FROM     ubuntu:14.04
ENV USER cboettig
RUN apt-get update && apt-get install -y openssh-server
RUN mkdir /var/run/sshd
RUN adduser --disabled-password --gecos "" $USER
RUN adduser $USER sudo
ADD authorized_keys /home/$USER/.ssh/authorized_keys
RUN chown $USER /home/$USER/.ssh/authorized_keys
EXPOSE 22
CMD    ["/usr/sbin/sshd", "-D"]

When building the image, note that a copy of authorized_keys (contains the contents of the id_rda.pub public key) file must be found in the same directory as the Dockerfile so that it can be added to the image.

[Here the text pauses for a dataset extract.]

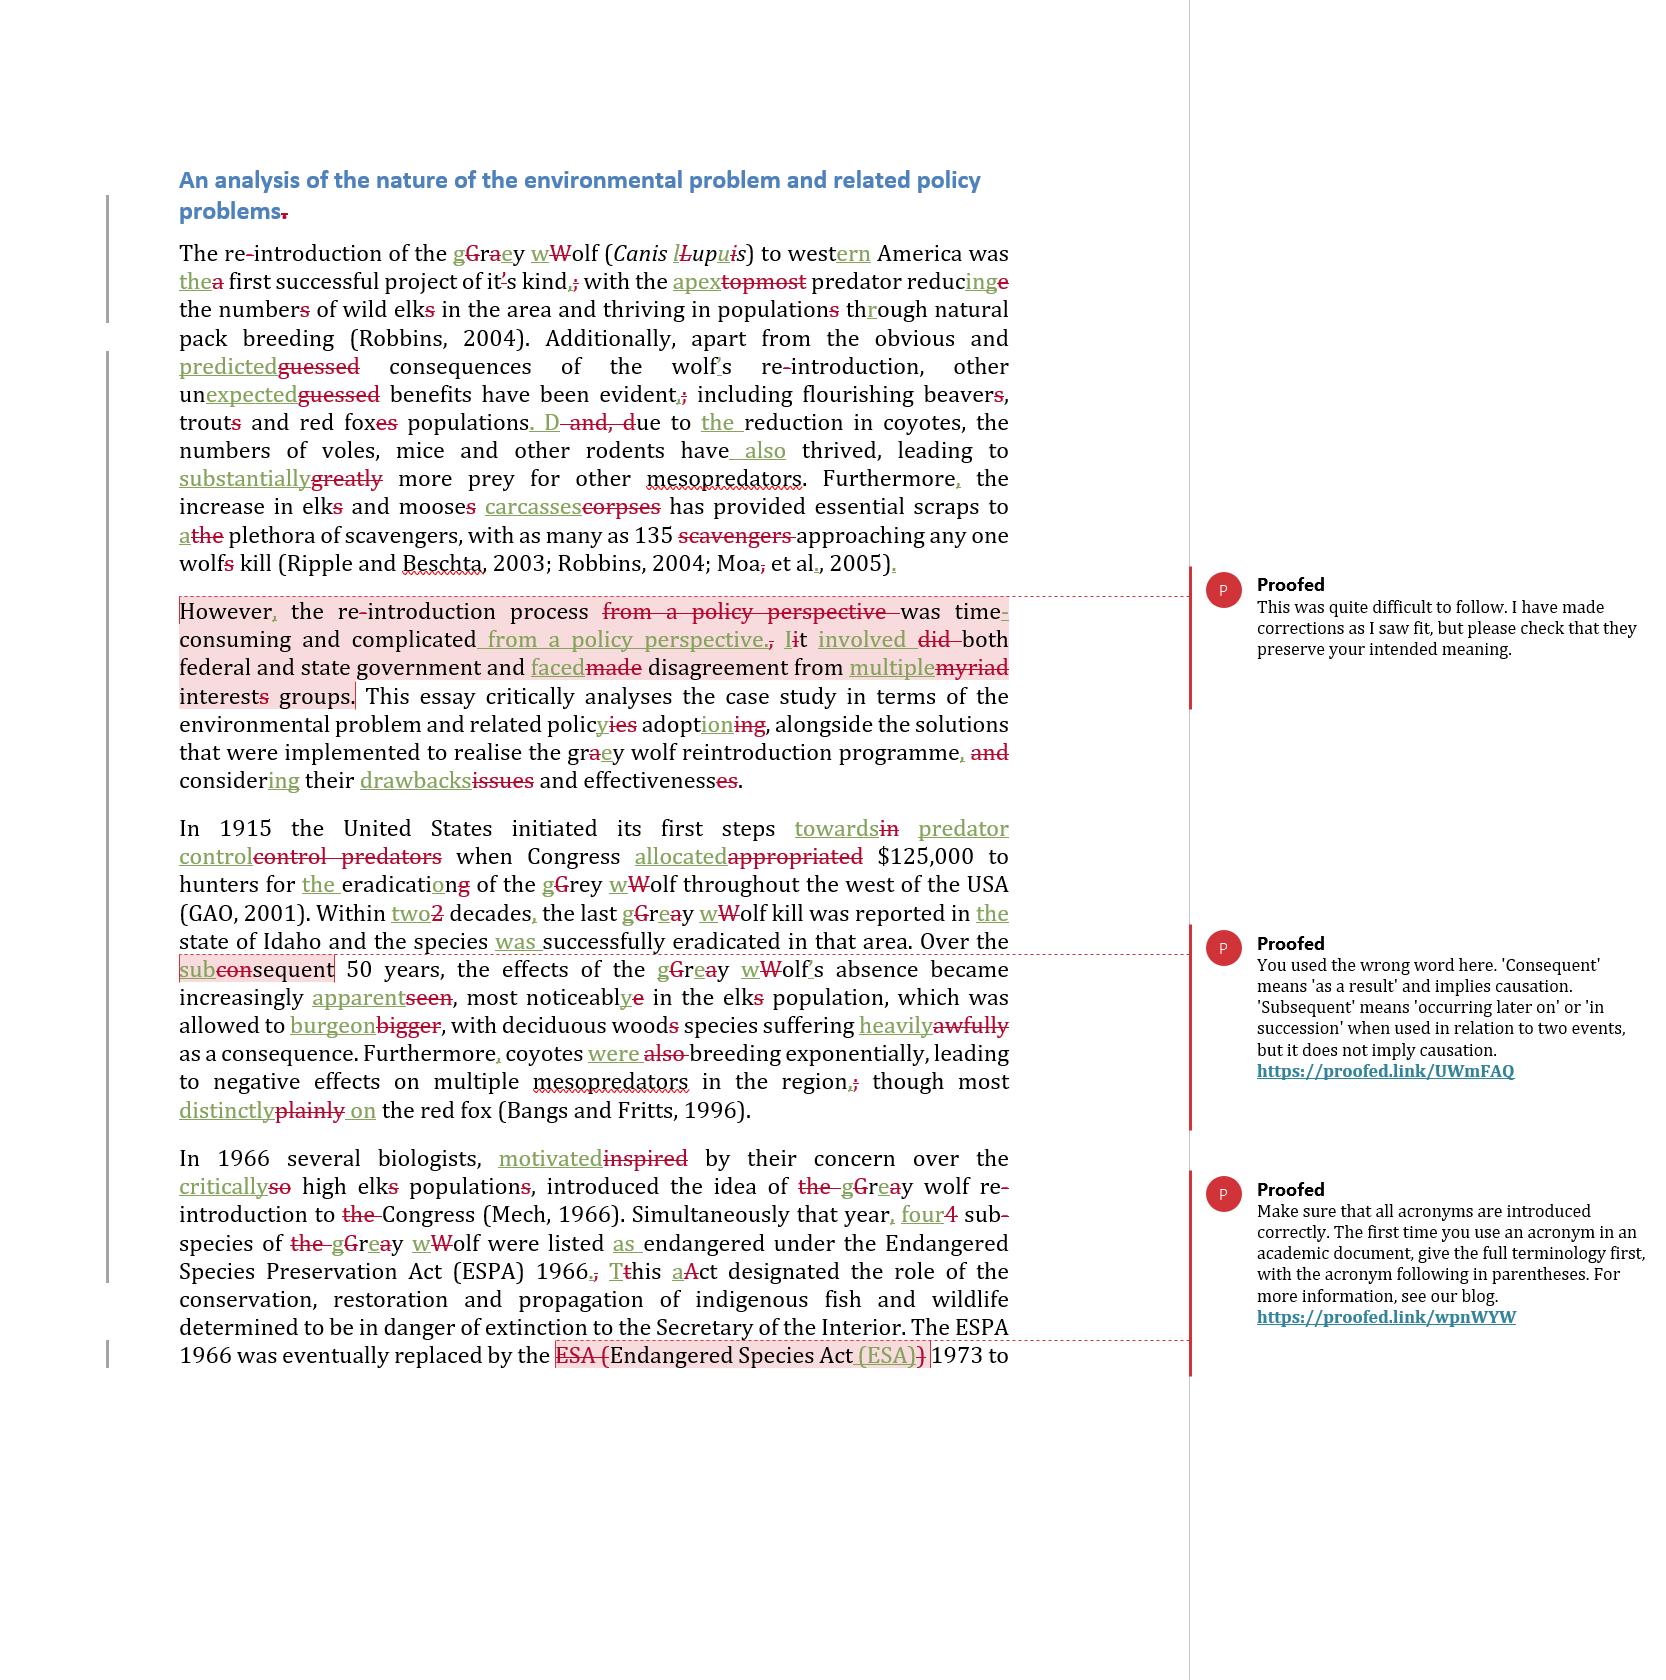 Persuasive essay proofreading site au writing service yahoo

Start the ssh server on port 2200:

docker run -d -p 2200:22 --name="ssh" ssh

Add to the firewall permissions

sudo ufw add 2200/tcp

From here I can now ssh in from the computer housing the private key pair to the public key that is added to the image here. However, that user doesn’t have root access since we haven’t provided a password.

Use nsenter to enter the instance:

docker run -v /usr/local/bin:/target jpetazzo/nsenter
nsenter -m -u -n -i -p -t `docker inspect --format '' ssh` /bin/bash

Create a password for the user to enable root access:

echo '$USER:<password>' | chpasswd

We can create other users and add them to sudoers or not as desired, e.g. add interactively using:

useradd <username>

users can later change their passwords once they log in.

Restoring containers when restarting

A certain times we need to power cycle the server (e.g. after certain software updates), using the sudo reboot now command or the DigitalOcean console. Any running containers will be automatically stopped. Once the machine is back up and we log back in, these containers can be brought back up with docker restart <container_id> (or <container_name>), and then everything is back to normal.

Note that while we can stop and restart a container, it seems we cannot simply save a container (e.g. with docker commit or docker save and re-run it and expect the server functionality to be restored after the container is destroyed (e.g. by docker rm -f). (See previous notes 2014-09-05) for an illustration of this problem. This occurs because the container image does not include the volume where it writes its data, and that volume address is generated uniquely each time a container is run.

Consequently, a different (probably more traditional) approach is needed to backup the configuration of a server such as Gitlab or Drone-CI even when running in a container. Will explore this later.

Meanwhile, remember remove unneeded containers with

docker rm $(docker ps -a | grep Exited | awk '{print $1}')

and not with -f (destroying running containers!)

Key security

We can largely avoid needing a private ssh key for the server, though may use https authentication to let us use git (rather than, say, rsync) to develop and save changes made remotely (say, through RStudio server).

Backing up keys

Probably unnecessary to have a backup of the ssh private RSA key, as we can access the DigitalOcean Server or Github through the web consoles and add a new public key and replace our private key.